Can you copy out the data exactly? Leave the images out.

▸ Dataset content:
┌────────

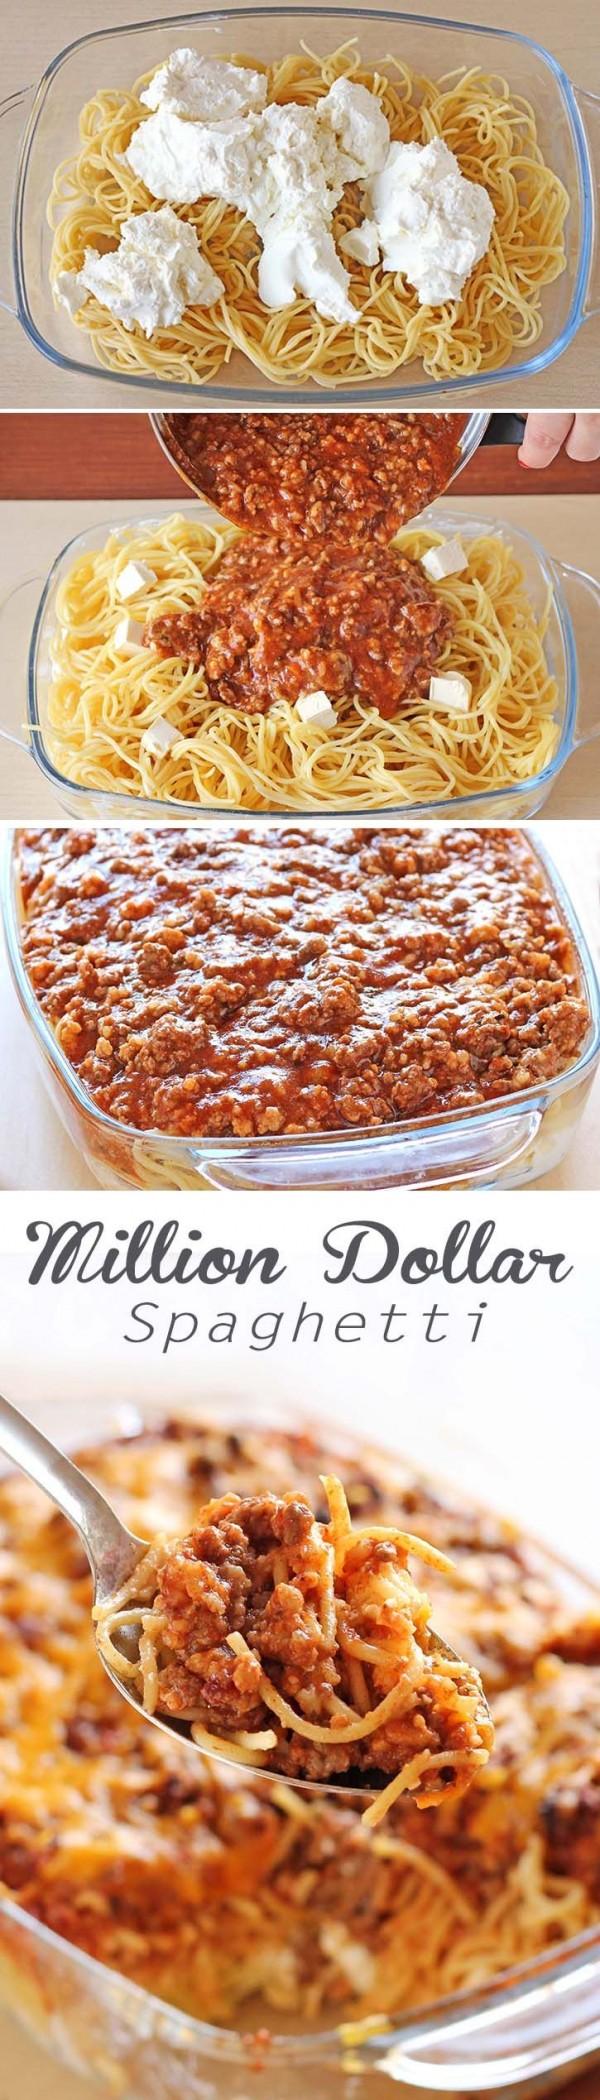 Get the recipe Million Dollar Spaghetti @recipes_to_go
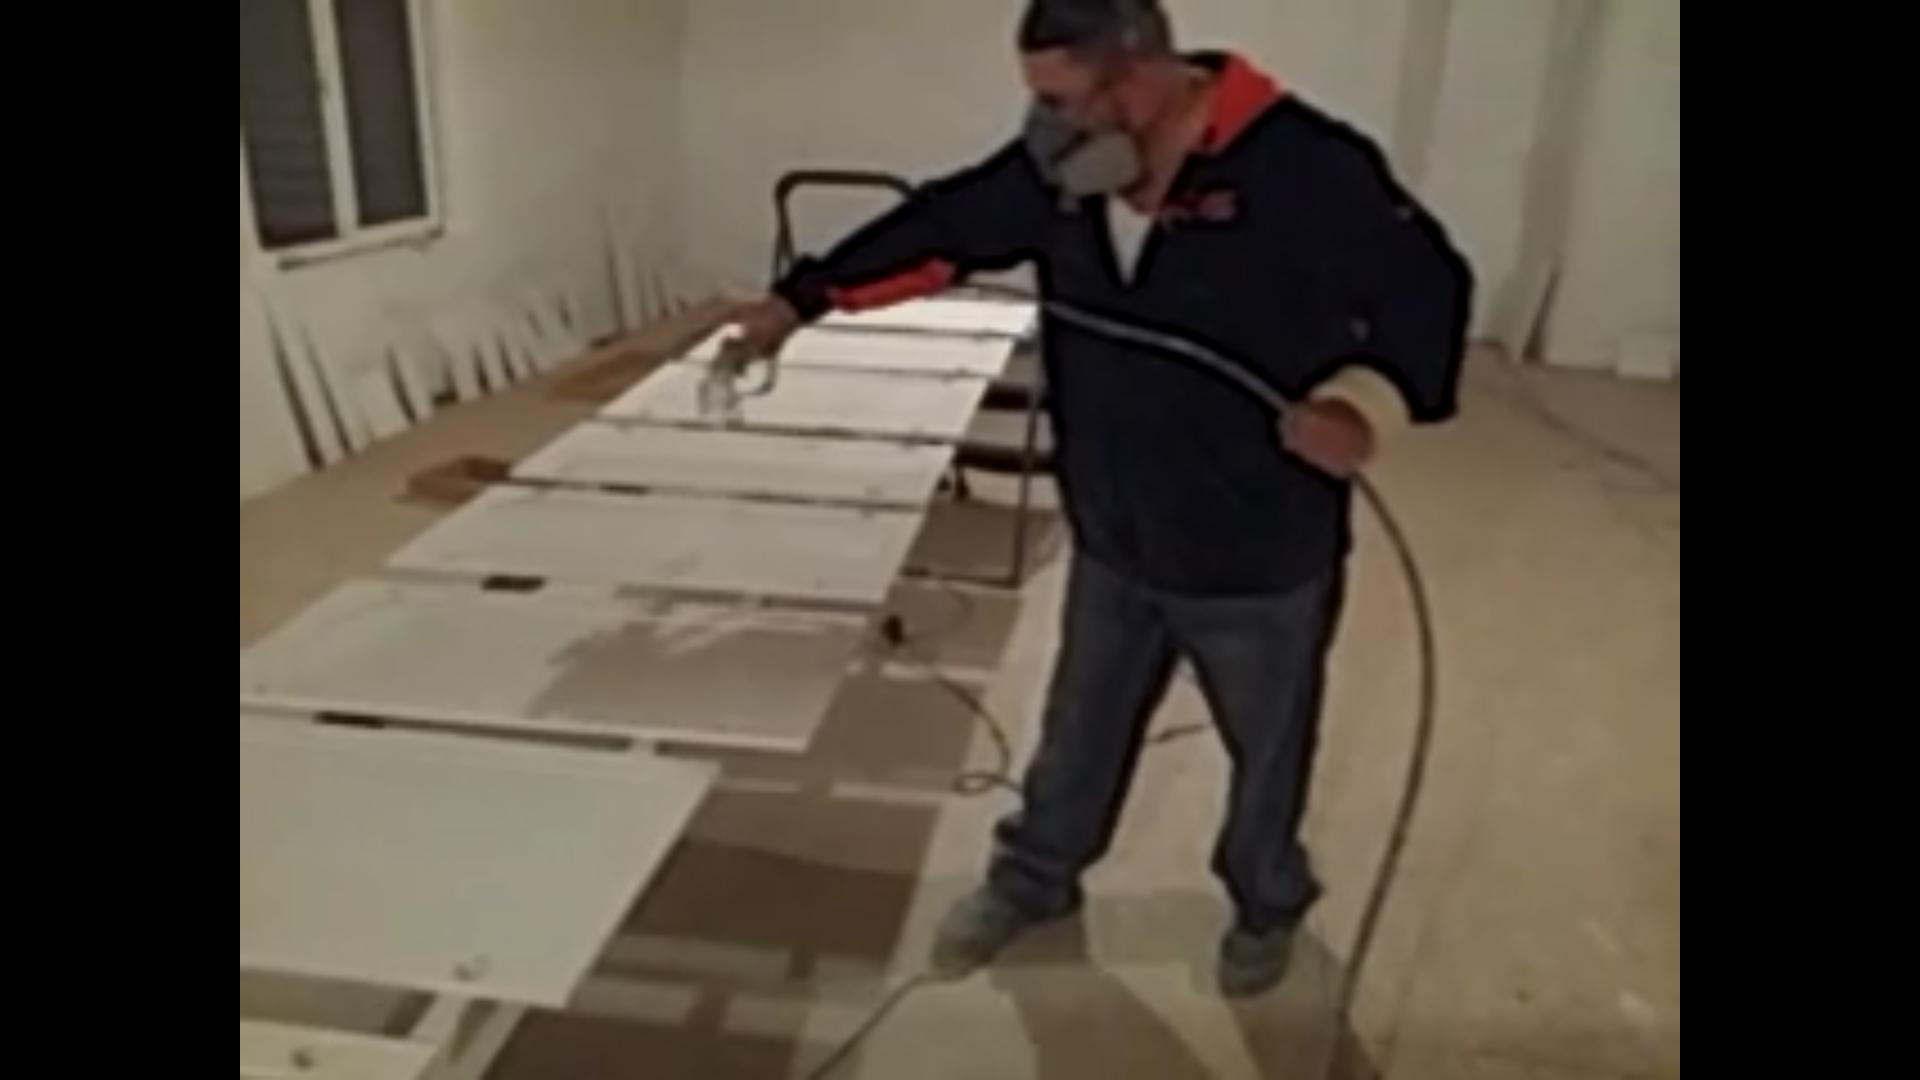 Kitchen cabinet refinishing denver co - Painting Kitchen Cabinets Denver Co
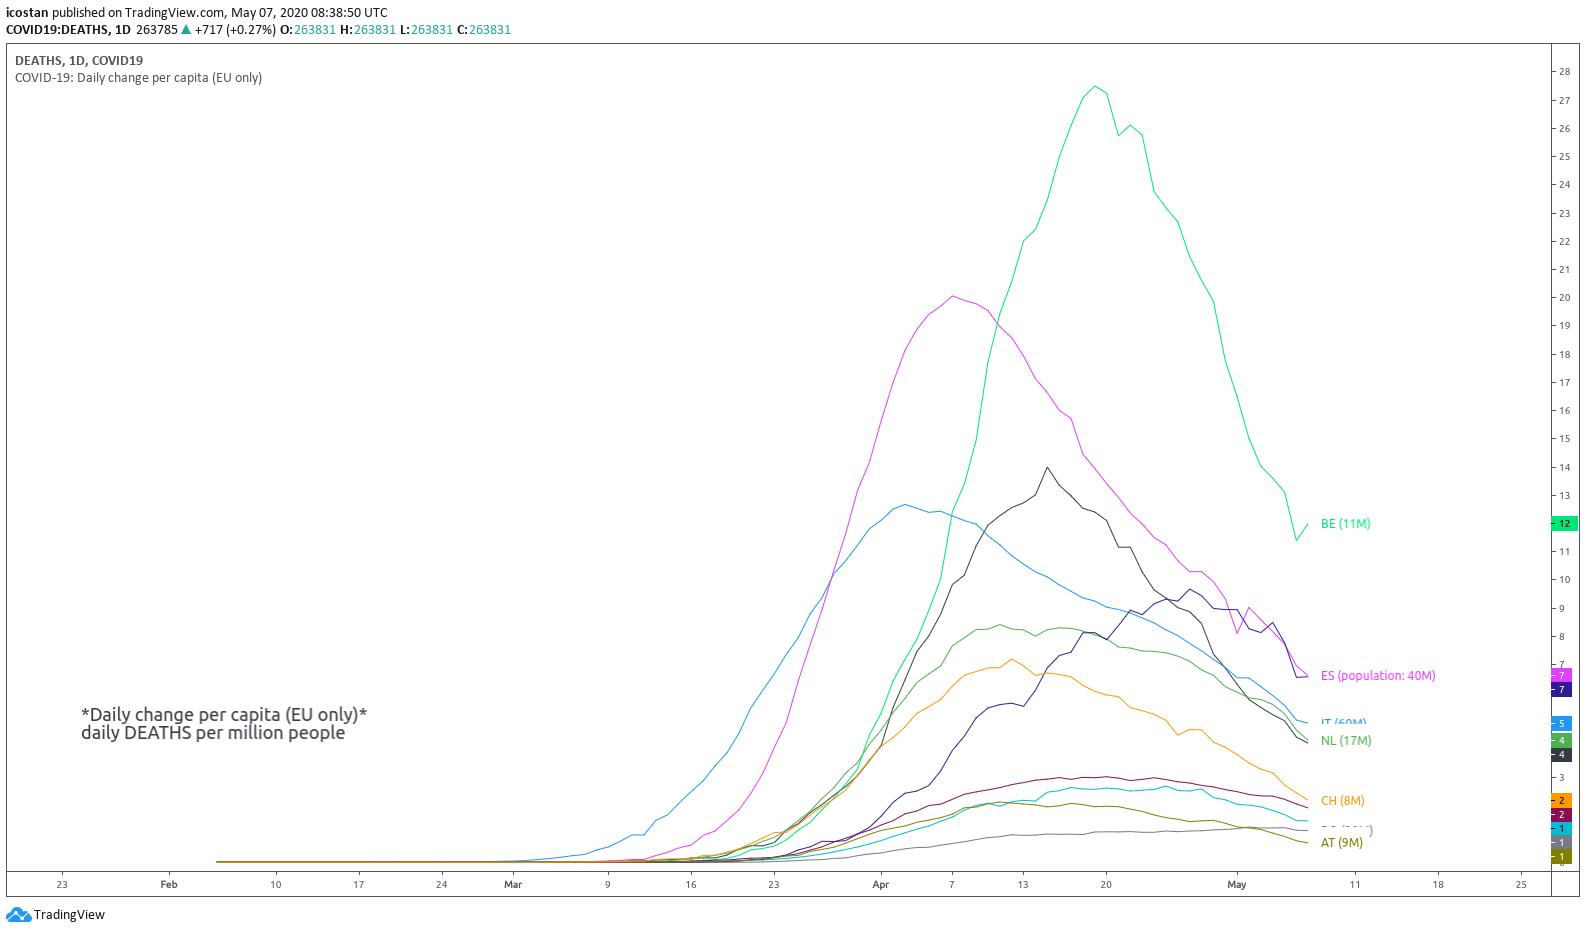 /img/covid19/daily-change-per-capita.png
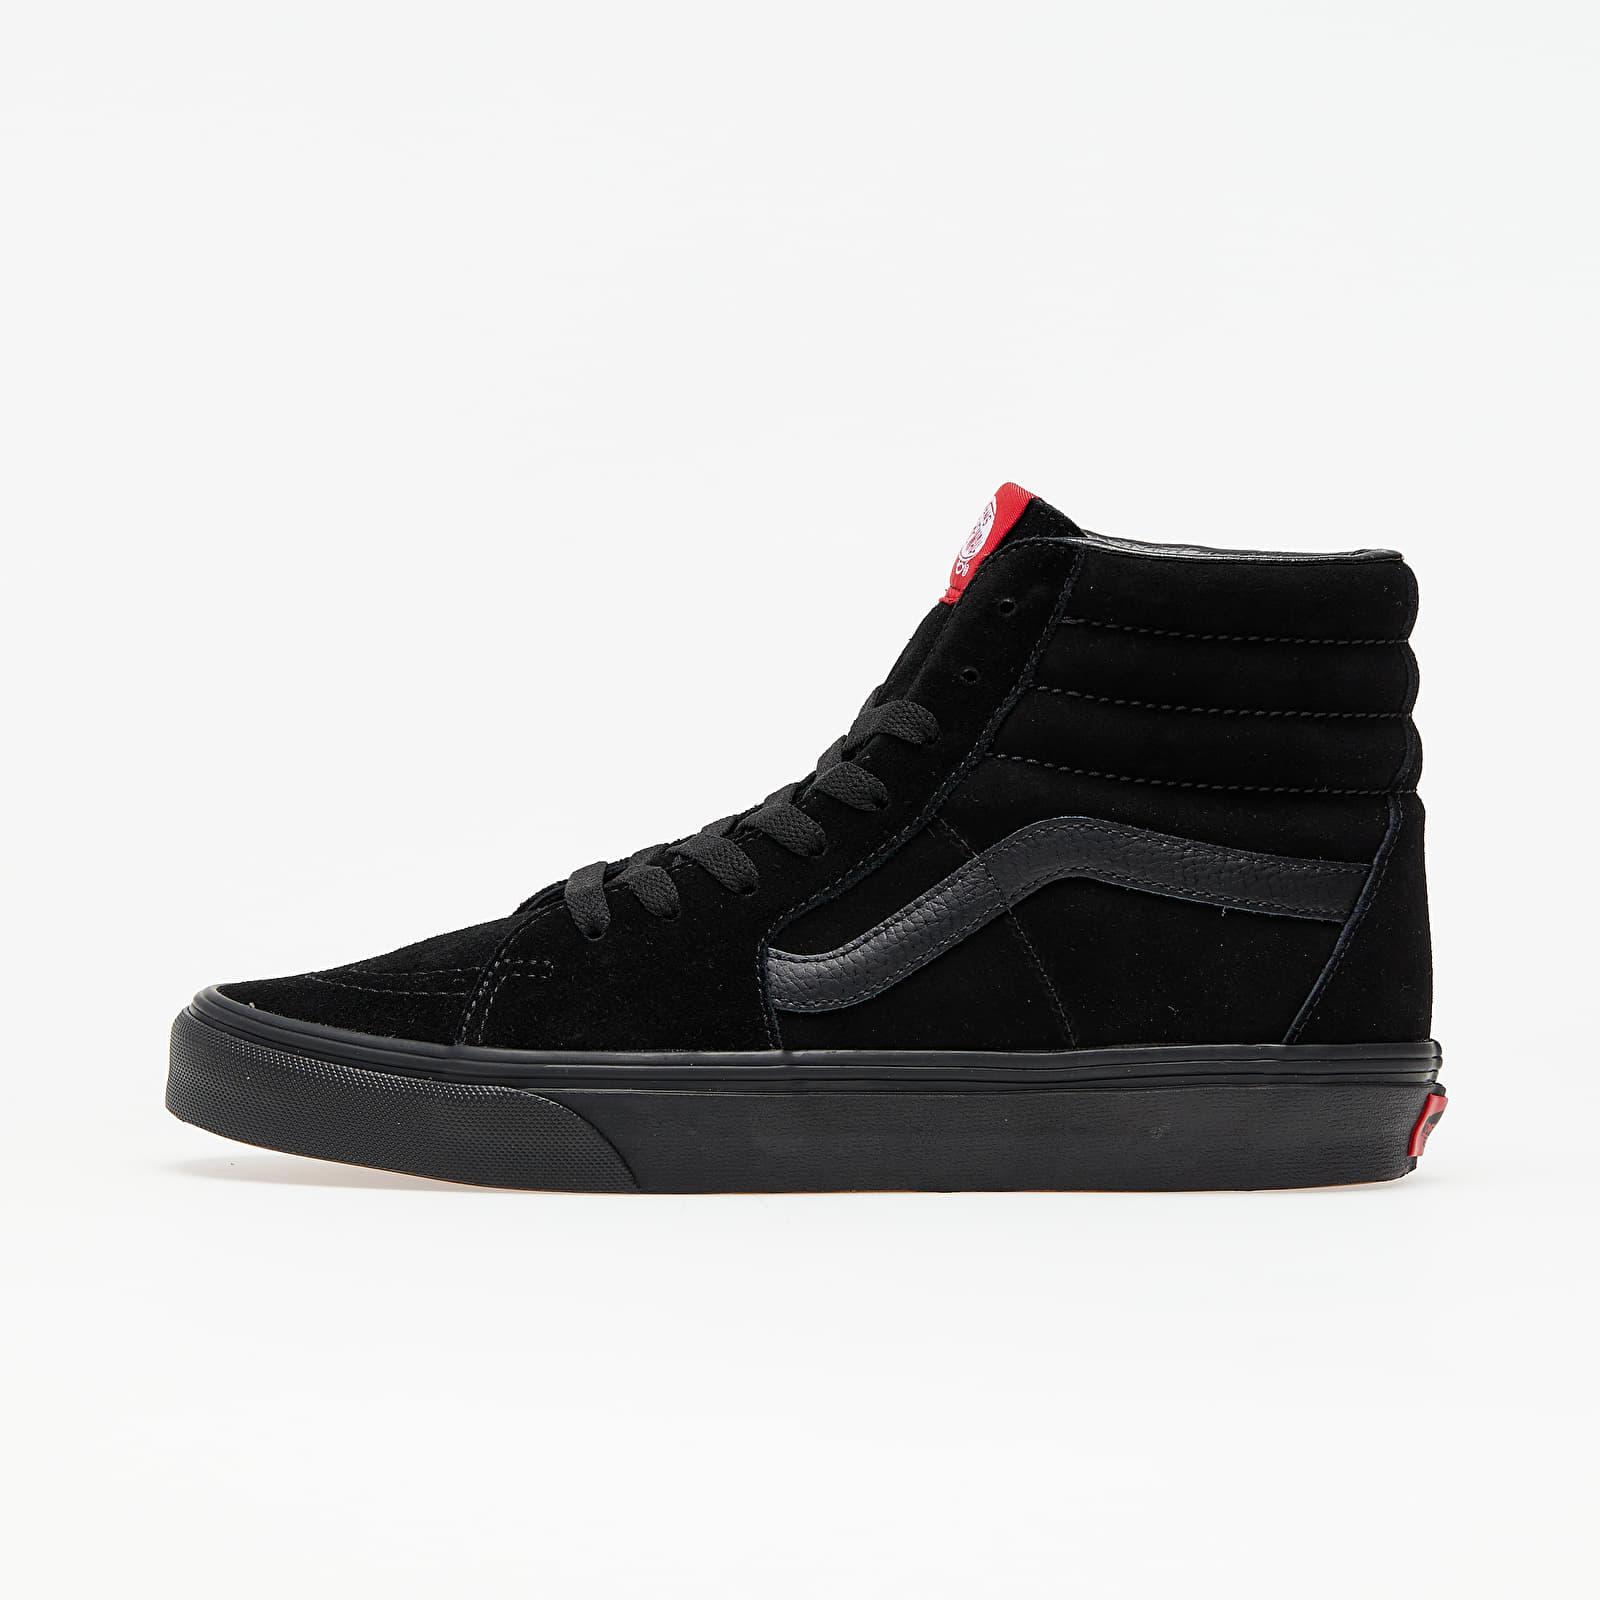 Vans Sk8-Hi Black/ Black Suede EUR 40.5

└────────

▸ Your solution:
 Get the recipe Million Dollar Spaghetti @recipes_to_go
 Kitchen cabinet refinishing denver co - Painting Kitchen Cabinets Denver Co
 /img/covid19/daily-change-per-capita.png
 Vans Sk8-Hi Black/ Black Suede EUR 40.5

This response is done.